No. 78-2500.

612 F.2d 309 (1980)

SIMA PRODUCTS CORPORATION, an Illinois Corporation, et al., Plaintiffs-Appellants, v. Dr. John McLUCAS, Administrator, Federal Aviation Administration, Defendant-Appellee.

United States Court of Appeals, Seventh Circuit.

Decided January 3, 1980.

Attorney(s) appearing for the Case

Ray Jeffrey Cohen, Chicago, Ill., for plaintiffs-appellants.

Curtis J. Wilder, Federal Aviation Admin., Chicago, Ill., for defendant-appellee.

Before SWYGERT, PELL and BAUER, Circuit Judges.

SWYGERT, Circuit Judge.

Plaintiffs-appellants Sima Products Corporation and its president, Irvin Diamond, brought this action in the district court, seeking declaratory relief against an amendment to a regulation, 14 C.F.R. § 121.538a(e) (1978), promulgated by the Federal Aviation Administration ("FAA") under certain sections of the Federal Aviation Administration Act, 49 U.S.C. §§ 1356, 1357 ("the Act"), and 14 C.F.R. §§ 121.1(a), 121.538. Plaintiffs challenge the legality of the amendment on both procedural and substantive grounds. The district court dismissed the complaint for lack of subject matter jurisdiction, holding that jurisdiction to review the amendment issued by the FAA lies exclusively in the courts of appeals under section 1006(a) of the Federal Aviation Act, 49 U.S.C. § 1486. Sima Products Corp. v. McLucas, 460 F.Supp. 128, 134 (N.D.Ill.1978). We affirm.


On March 5, 1975 the FAA promulgated an amendment to rule 121.538a which regulates the use of X-ray devices for the inspection of carry-on baggage and other items at airport security points. In relevant part, paragraph (e) of the amendment states that:

No certificate holder [i. e., airport] may use an X-ray system to inspect carry-on baggage or items, unless a sign is posted in a conspicuous place which notifies passengers that such items are being inspected by an X-ray system and advises them to remove all X-ray and scientific film from their carry-on baggage and items before inspection. If the X-ray system exposes any carry-on baggage or item to more than one milliroentgen during the inspection, the certificate holder shall post a sign which advises passengers to remove film of all kinds from their carryon baggage and items before inspection. If requested by a passenger, his photographic equipment and film packages shall be physically inspected without exposure to an X-ray system.

14 C.F.R. § 121.538a(e).1 Pursuant to this rule, commercial airports have posted signs similar to those posted at the American Airlines and Northwest Airlines security points in the O'Hare International Airport, Chicago, Illinois, which state:

X-ray baggage inspection. Carry-on baggage is being inspected by X-ray.
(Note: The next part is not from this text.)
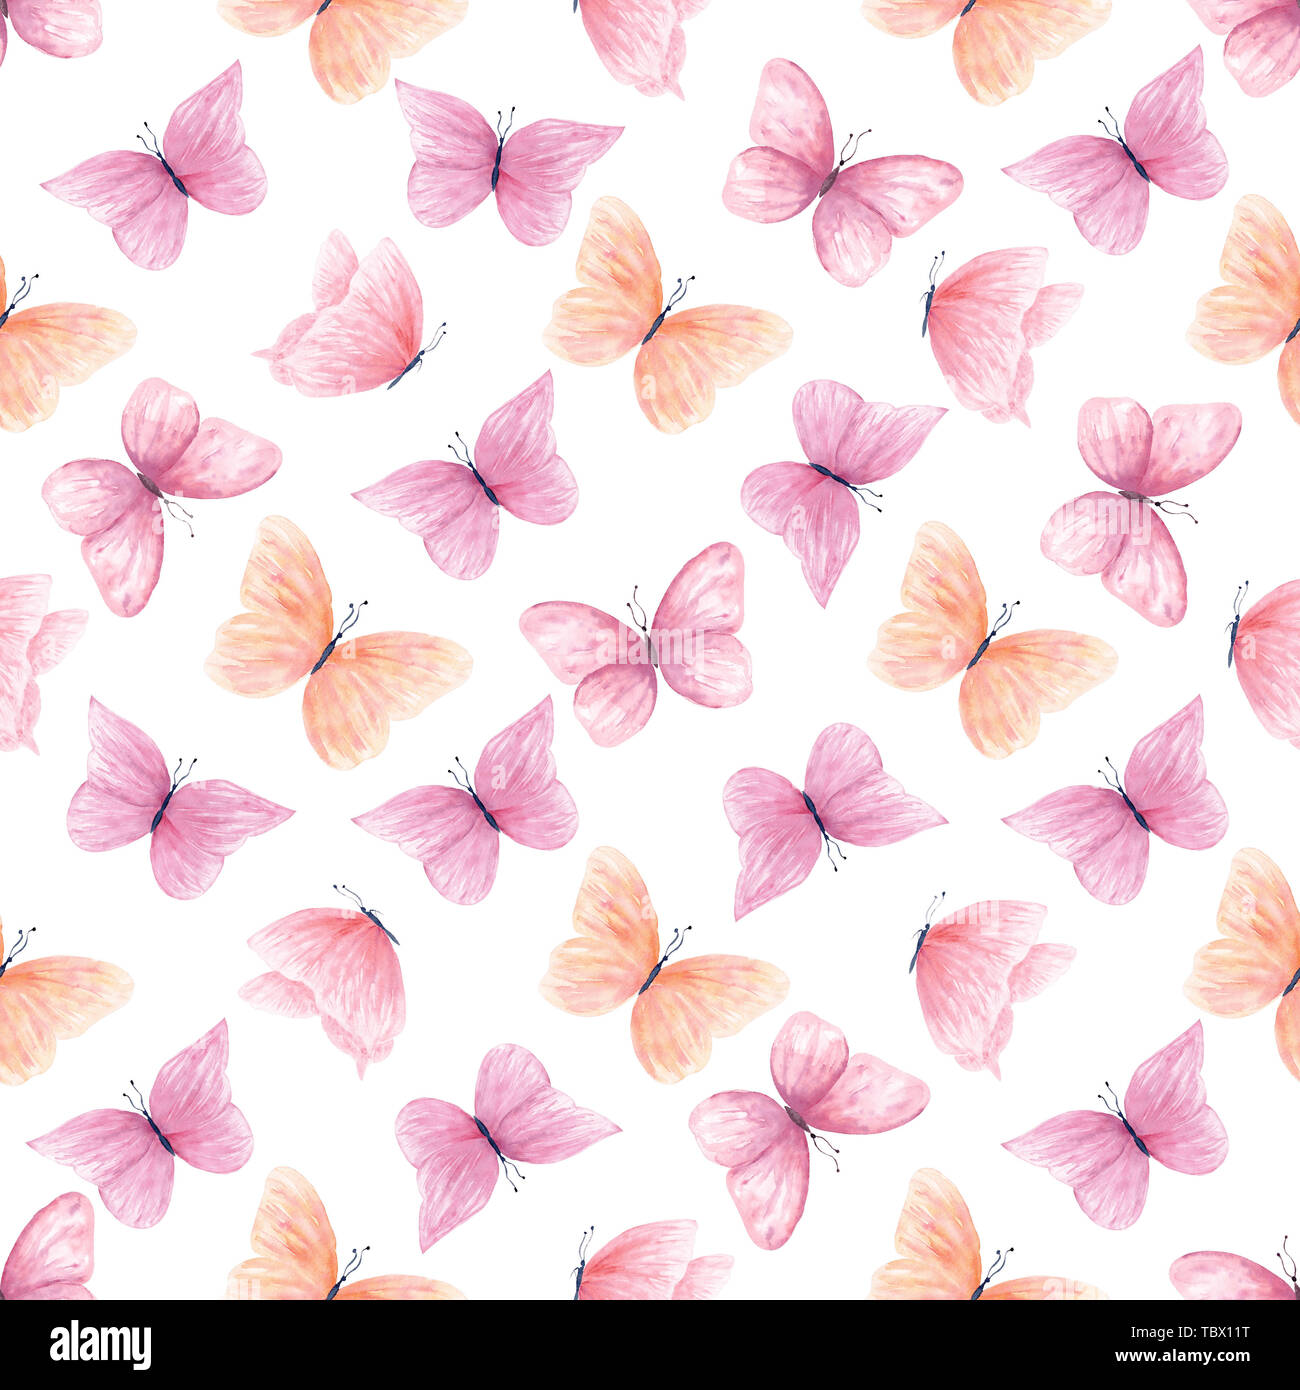 Colorful butterflies watercolor seamless pattern Stock Photo

Inspection will not affect ordinary undeveloped film. Remove all X-ray and scientific film from luggage. Physical inspection may be requested.

Approximately nine months before the rule was promulgated, a notice of the proposed amendment and rule making appeared in the Federal Register. See 39 Fed.Reg. 22275 (June 21, 1974). In response to this notice, the FAA received numerous comments including ones from scientific and technical organizations, film manufacturers, and an association of photographic suppliers. Plaintiffs Diamond and Sima Products Corporation, which manufacturers and distributes lead laminated containers that protect ordinary commercial film from the effects of X-ray machines, submitted written material to the FAA in opposition to the proposed amendment. They urged that the airport signs advise travelers that X-rays present a danger to all types of film. Along with the other responses, plaintiffs' comments were considered by the FAA and made part of the administrative record. See 14 C.F.R. § 11.47(a). No evidentiary hearing was held prior to promulgating rule 121.538a.
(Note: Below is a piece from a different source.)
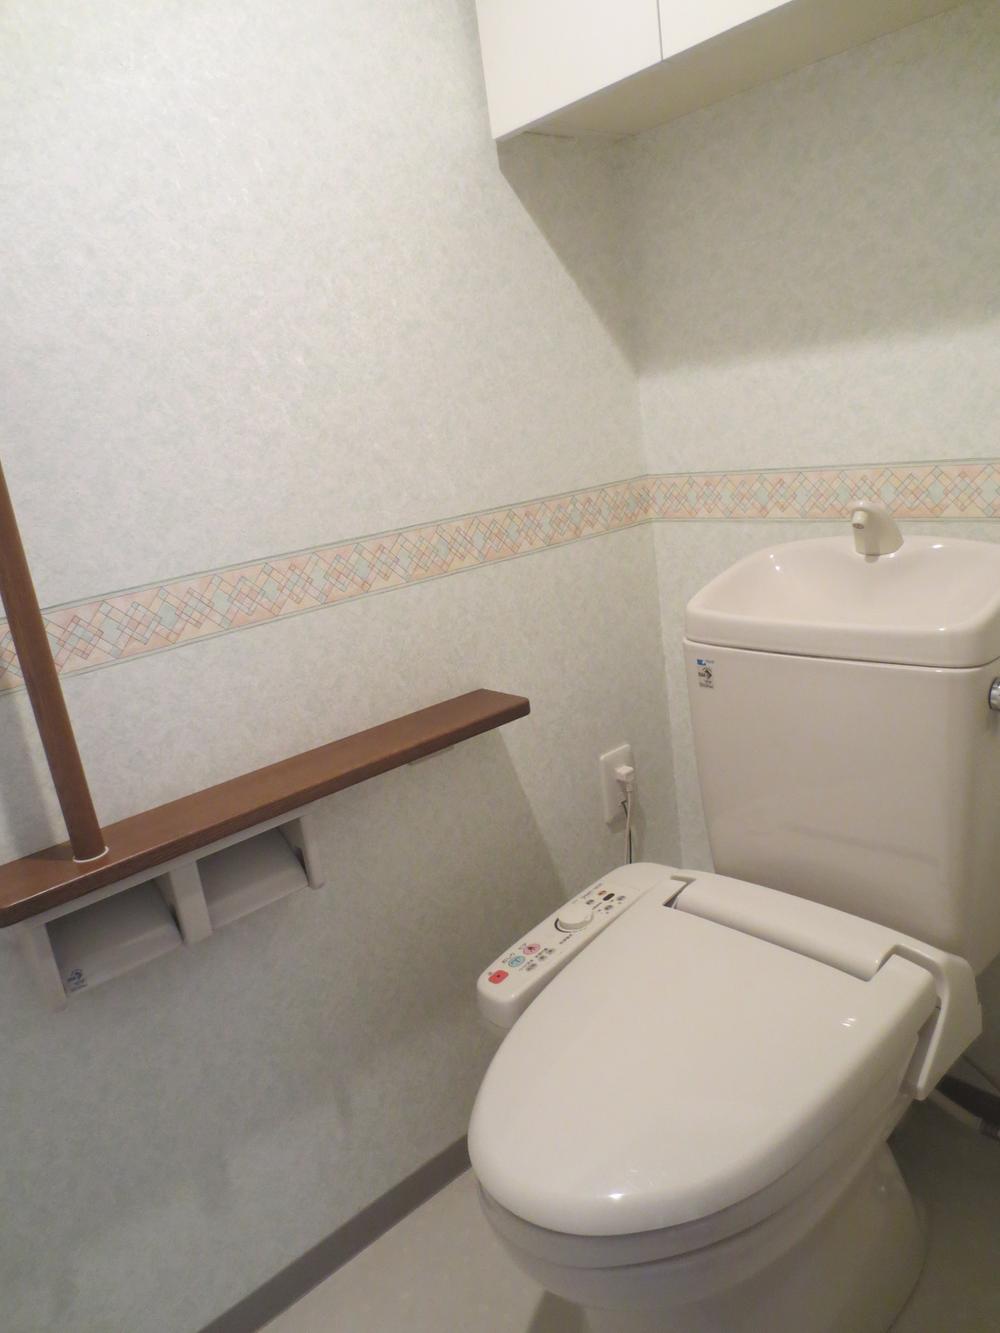 Toilet. Toilet is equipped with a hanging cupboard, Convenient for daily necessities of stock.

On August 31, 1976 plaintiffs filed a petition with the FAA, requesting it to amend paragraph (e) so that passengers would be advised to remove all film from their carryon baggage and items before inspection by an X-ray system.2 See 14 C.F.R. § 11.25. Plaintiffs argued that signs like the ones posted in the O'Hare airport are misleading, and contrary to both scientific fact and personal experience of the plaintiffs. Therefore, plaintiffs maintained, the rule allowing airports to erect such signs is arbitrary, capricious, and unreasonable. To support the allegations, plaintiffs offered a variety of exhibits, including copies of articles in publications, personal correspondence, and a sign posted in the Tokyo, Japan airport by a non-U.S. air carrier.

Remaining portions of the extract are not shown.